Creating this guide not only involved meeting with stakeholders to ensure accuracy, but running the end-to-end installation independently as additional quality assurance.
Overview
A production-ready instance of Fides can be deployed leveraging the cloud infrastructure your organization is most familiar with.
Fully deployed, Fides consists of the following individual systems:
- Hosted Database: A PostgreSQL database used for permanent storage of configuration data.
- Hosted Cache: A Redis database used as a temporary cache for task scheduling and execution.

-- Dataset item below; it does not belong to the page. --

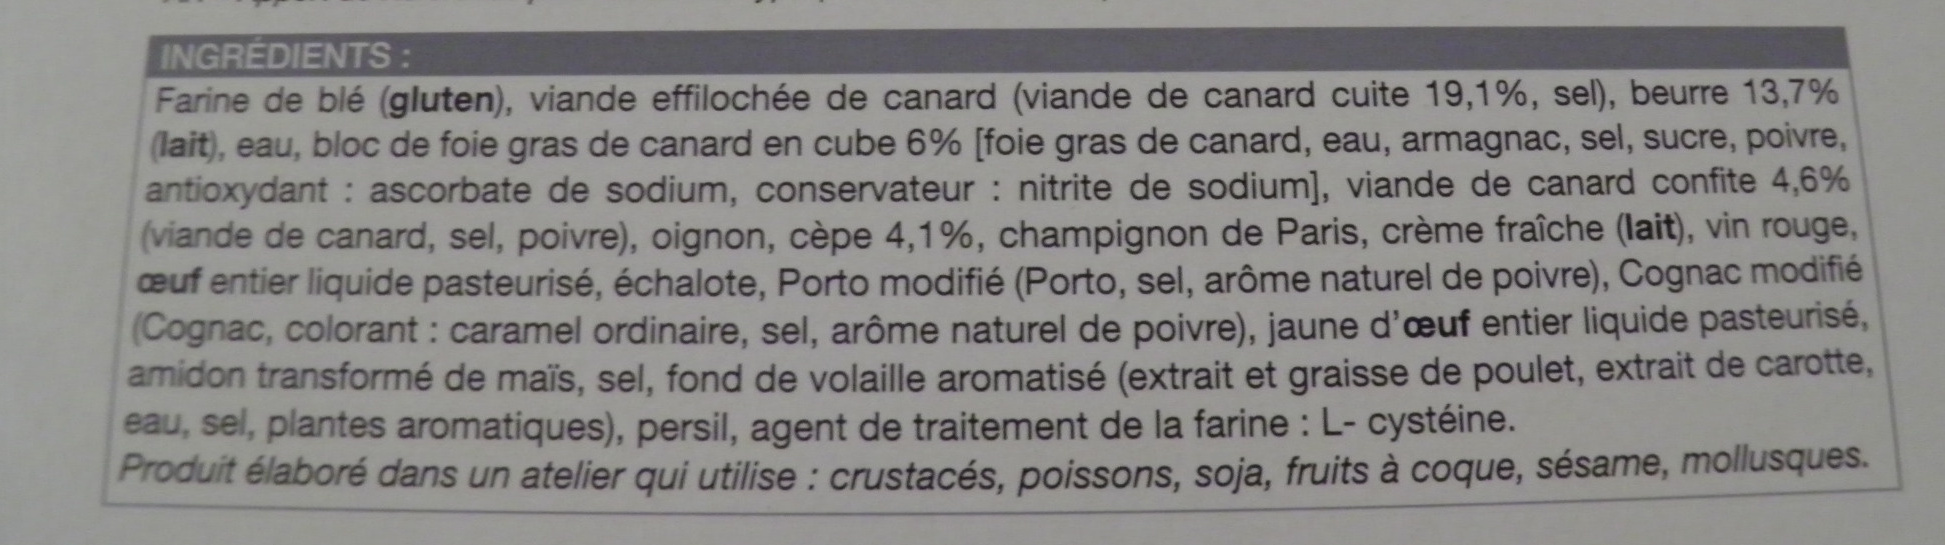 Tourte canard, cèpes, bloc de foie gras de canard - surgelée 450 g - Ingrédients

- Fides Webserver: The main application, including the Admin UI and all API endpoints.
Requirements
The following minimum versions are required:
-
PostgreSQL: 12+
-
Redis: 6.2.0+
-
Python: 3.8+
-
Docker: 20.10.11+
Set up the hosted database
Fides uses an application database for persistent storage. Any hosted PostgreSQL database that meets the current project requirements is acceptable, as long as it's accessible.
Options include:
- A managed PostgreSQL database services (e.g., AWS RDS, GCP Cloud SQL, Azure Database)
- A self-hosted PostgreSQL Docker container with a persistent volume mount (e.g., a Kubernetes cluster)
- A self-hosted PostgreSQL server (e.g., an EC2 server)
Tip
As long as your database is accessible by your Fides webserver, there is no need to expose it to the public internet.
Configure your database
Follow the documentation for the option of your choice to configure a production-grade PostgreSQL database. Once your database is created, take the following steps:
- Create a unique user for Fides to use to access the database.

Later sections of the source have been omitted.